Benchmarking and Auditing Your Building's Energy Usage Understanding the New Energy Laws

 Little by little, the world seems to be getting greener. As part of Mayor  Michael R. Bloomberg’s Greener, Greater Buildings Plan, new legislation has been passed that among  many other measures, requires all of the city’s private buildings of over 50,000 square feet to obtain benchmarking and energy  audits by a certain deadline. That includes most co-op and condo buildings.  

 “These laws may seem ominous at first because there is a cost to having these  studies done,” says Kate Grossman, chief operating officer of New York City-based Greenwich  Energy Solutions, “but they were designed to give you information that allows you to make cost  effective choices and save money. None of the laws force you to do anything—and that’s important for people to understand. Once people see the savings possibilities,  they will just want to do these things.”  

 Benchmarking

 The first law, known as Local Law 84, requires a benchmarking system to be  implemented so that the energy and water usages of individual buildings may be  analyzed and compared. Water benchmarking will only be required if the building  was equipped with automatic meter reading equipment by the New York City’s Department of Environmental Protection (DEP) for the previous year. Owners  must report results to the city’s Department of Finance, using the Office of Long Term Planning and  Sustainability (OLTPS) format, and they must maintain records for three years.  According to the law, benchmarking results must be reported no later than May  1, 2011, and every year thereafter.  

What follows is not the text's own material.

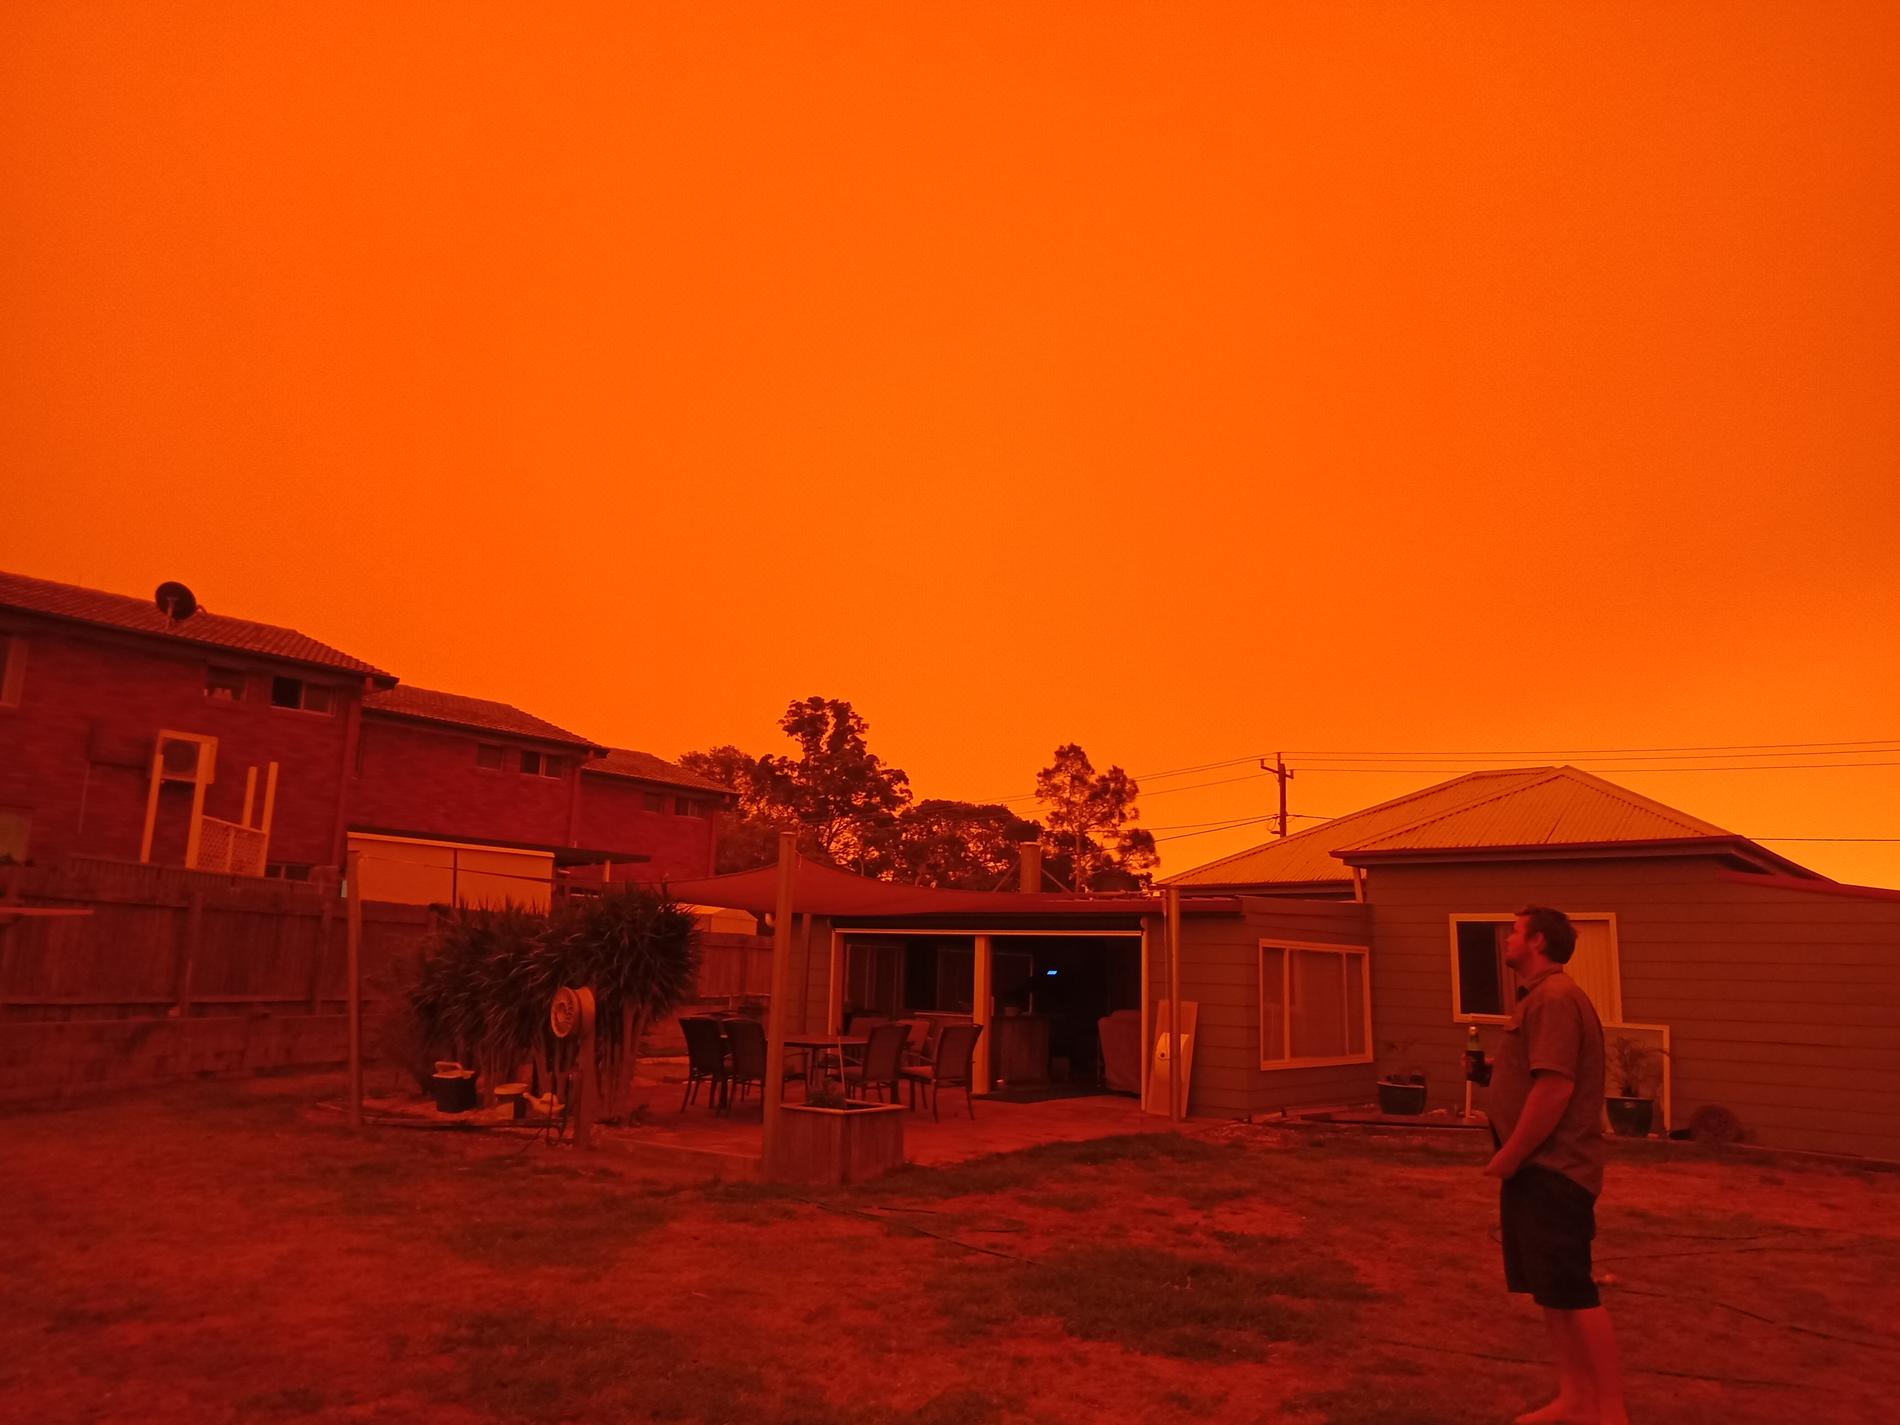 Bilderna från det rödorangea skenet i kuststaden har fått australisk media att kalla skogsbränderna apokalyptiska. 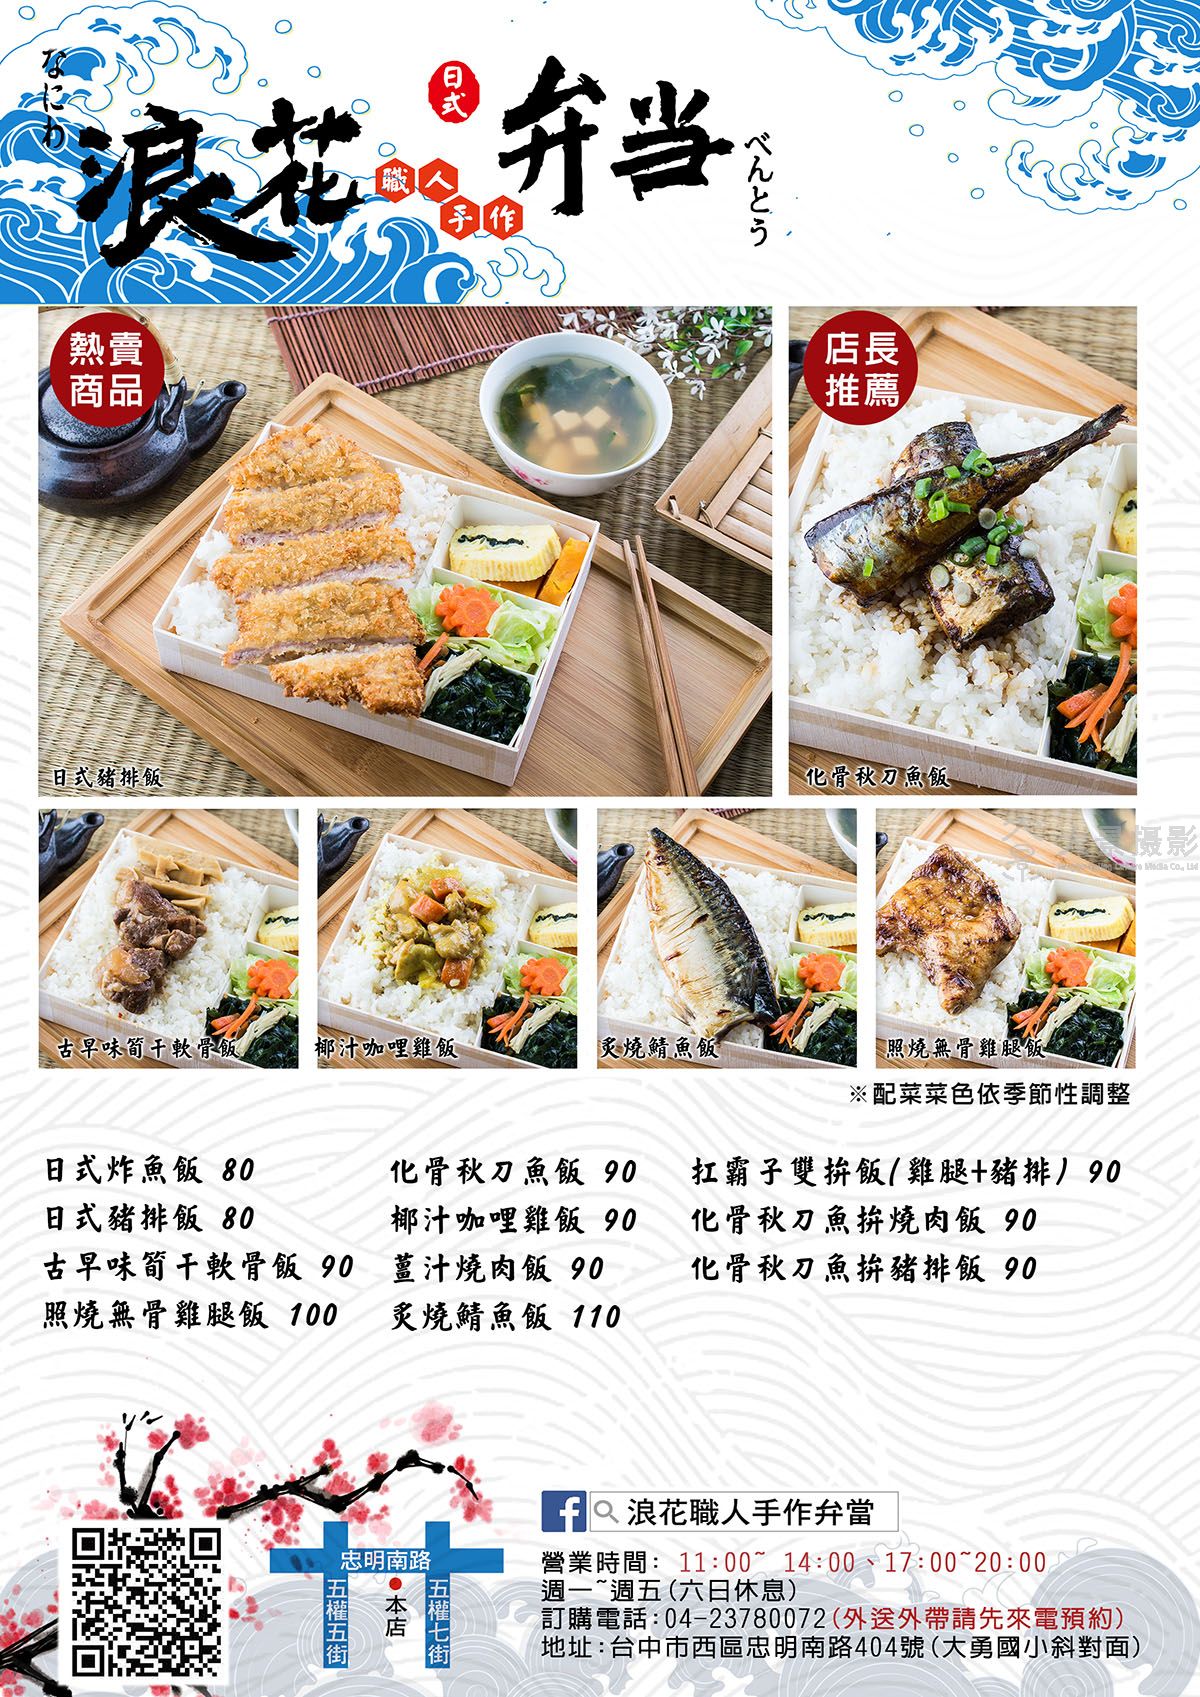 上海菜单设计

 Anyone can perform a benchmark on their own by using the EPA’s Portfolio Manager or any complementary interface designated by the OLTPS.  Training on benchmarking is also being provided by the Association for Energy  Affordability in the Bronx from through the end of January 2011.  

 “Benchmarking is done as a comparison to similar types of buildings,” says Phil Vos of Manhattan-based energy consultant Bright Power’s business development and marketing group. “That comparison is what allows us to say this building can theoretically be  functioning X amount or more efficiently.”